▶ **Prompt**:
Repeat nothing but the lines below running from the one containing "Muuto Connect Soft" to the one containing "Sweatshirt fabric shorts". Keep both end lines.

▶ **Material supplied**:
== Segment start ==

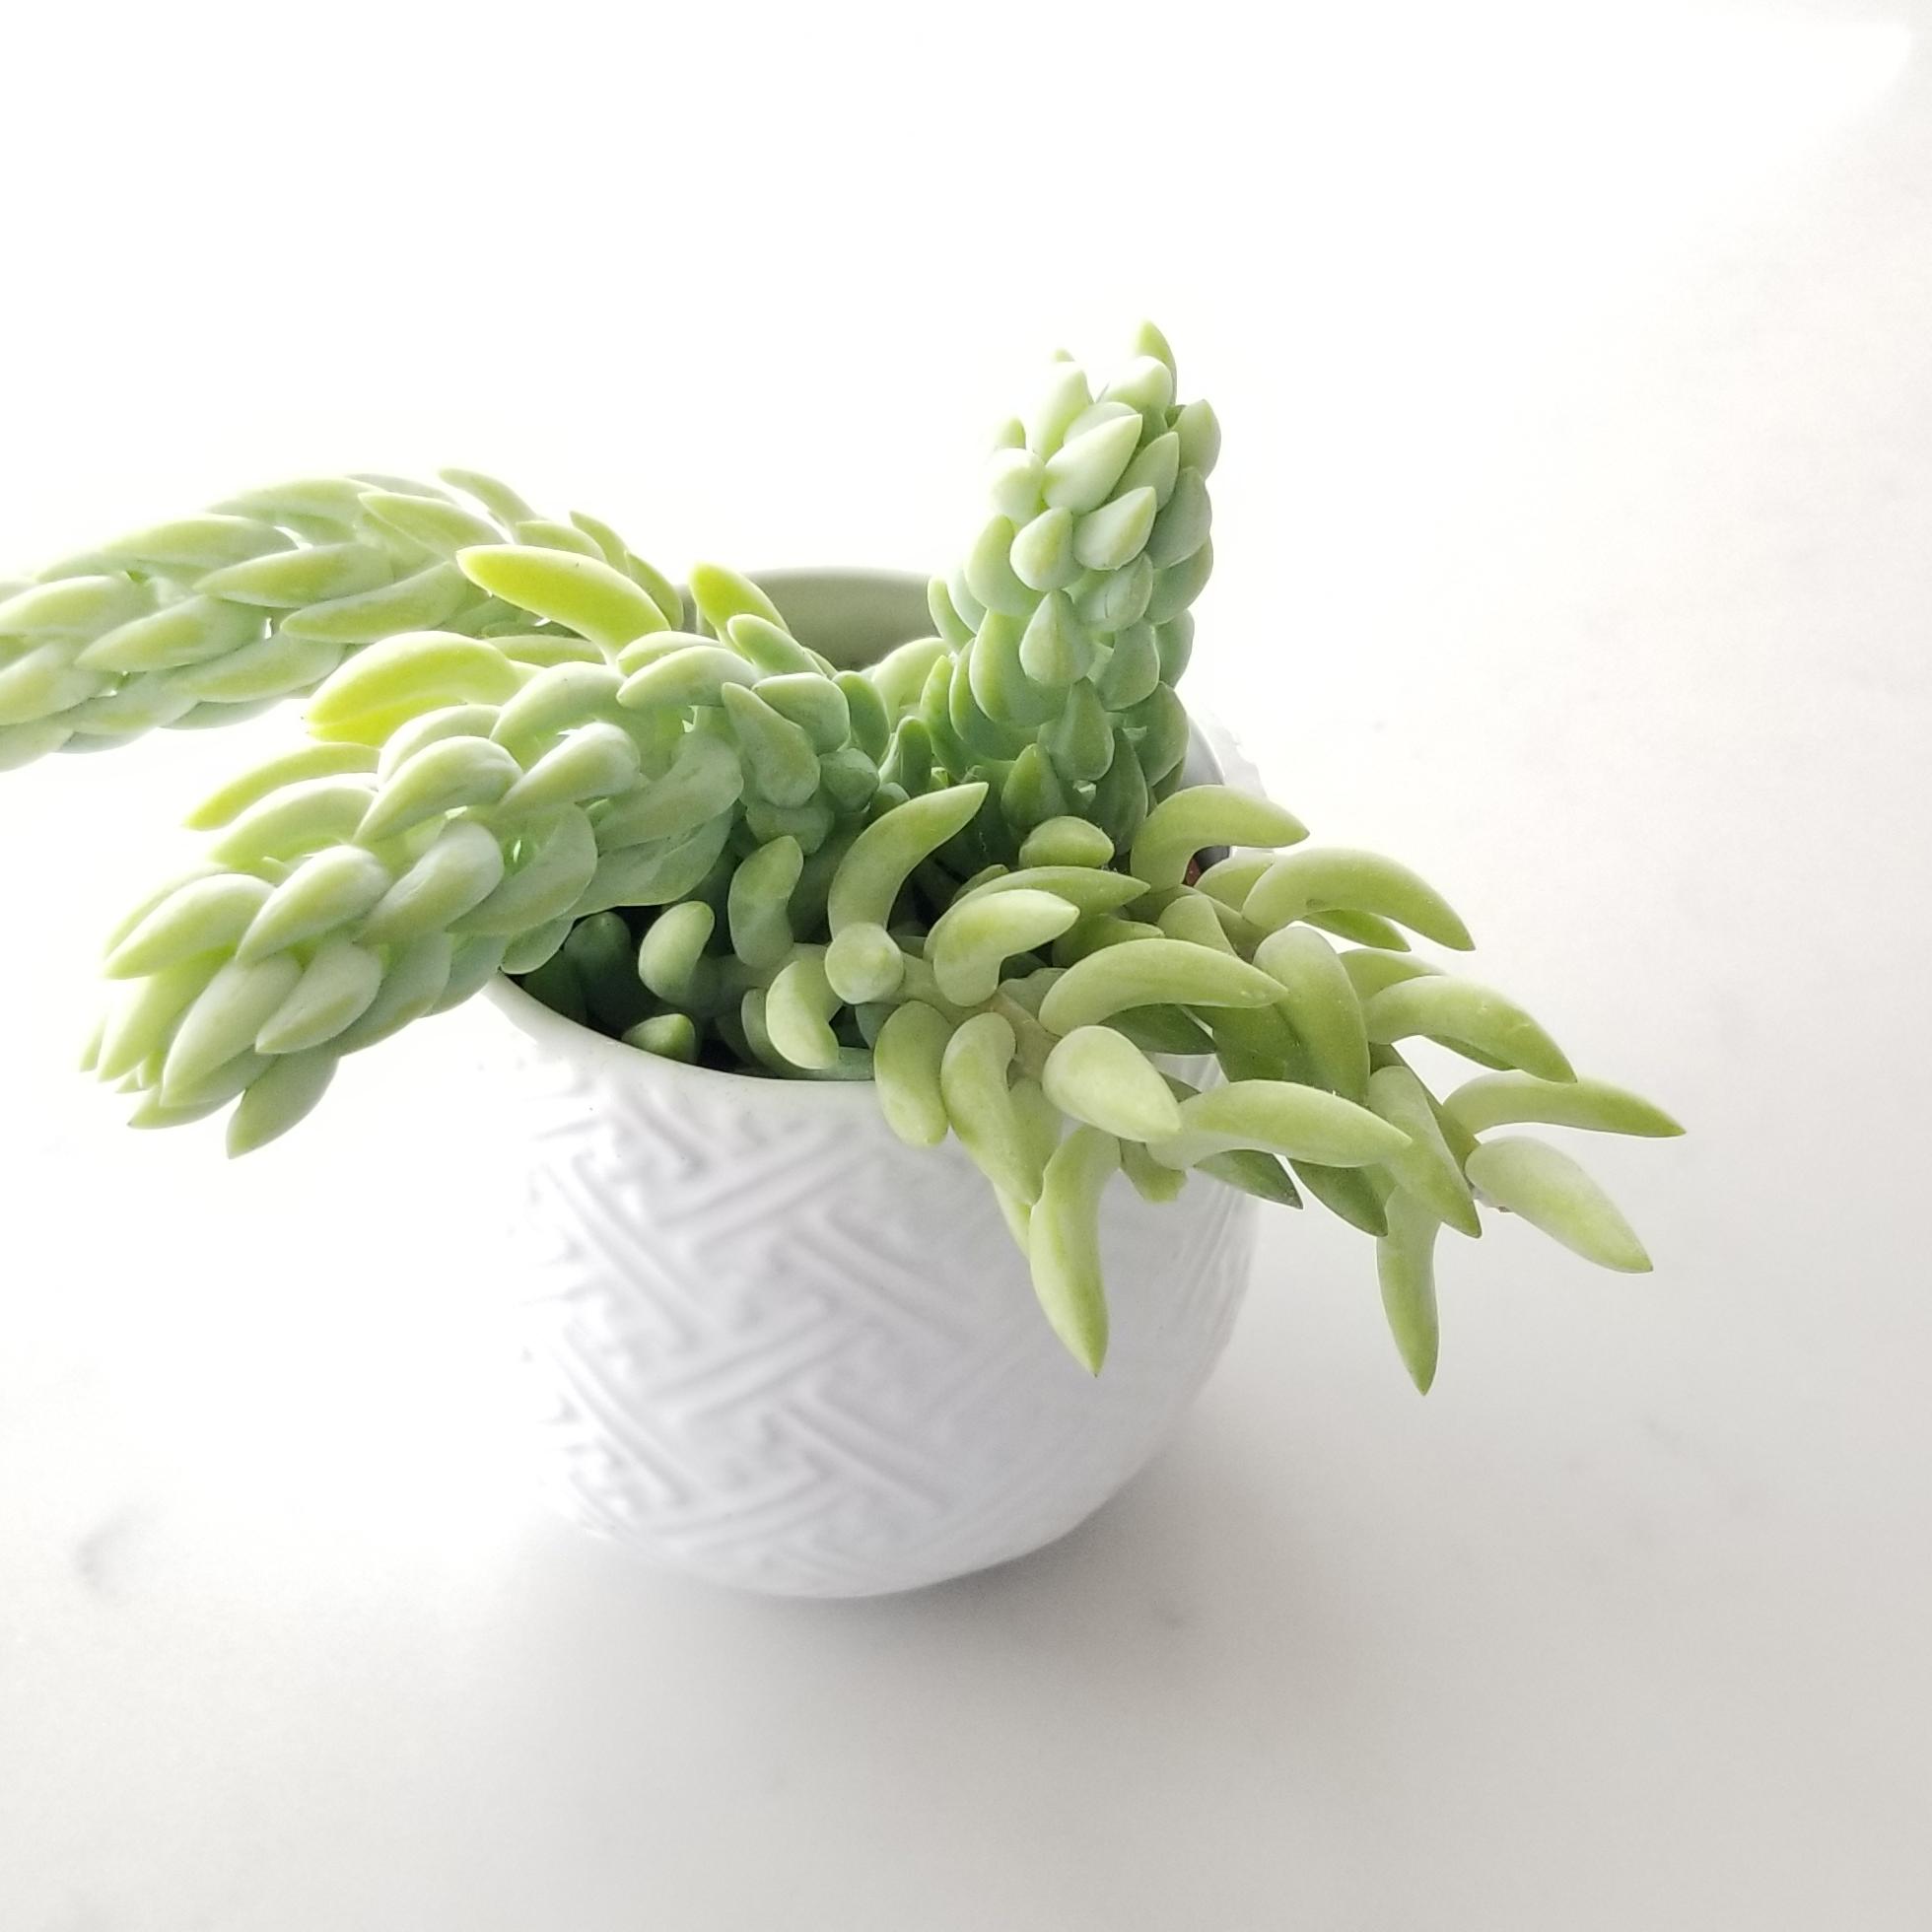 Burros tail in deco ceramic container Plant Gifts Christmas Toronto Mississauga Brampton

== Segment end ==
== Segment start ==

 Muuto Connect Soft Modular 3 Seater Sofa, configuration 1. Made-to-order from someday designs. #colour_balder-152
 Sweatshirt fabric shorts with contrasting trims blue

== Segment end ==

▶ **Output for this task**:
 Muuto Connect Soft Modular 3 Seater Sofa, configuration 1. Made-to-order from someday designs. #colour_balder-152
 Sweatshirt fabric shorts with contrasting trims blue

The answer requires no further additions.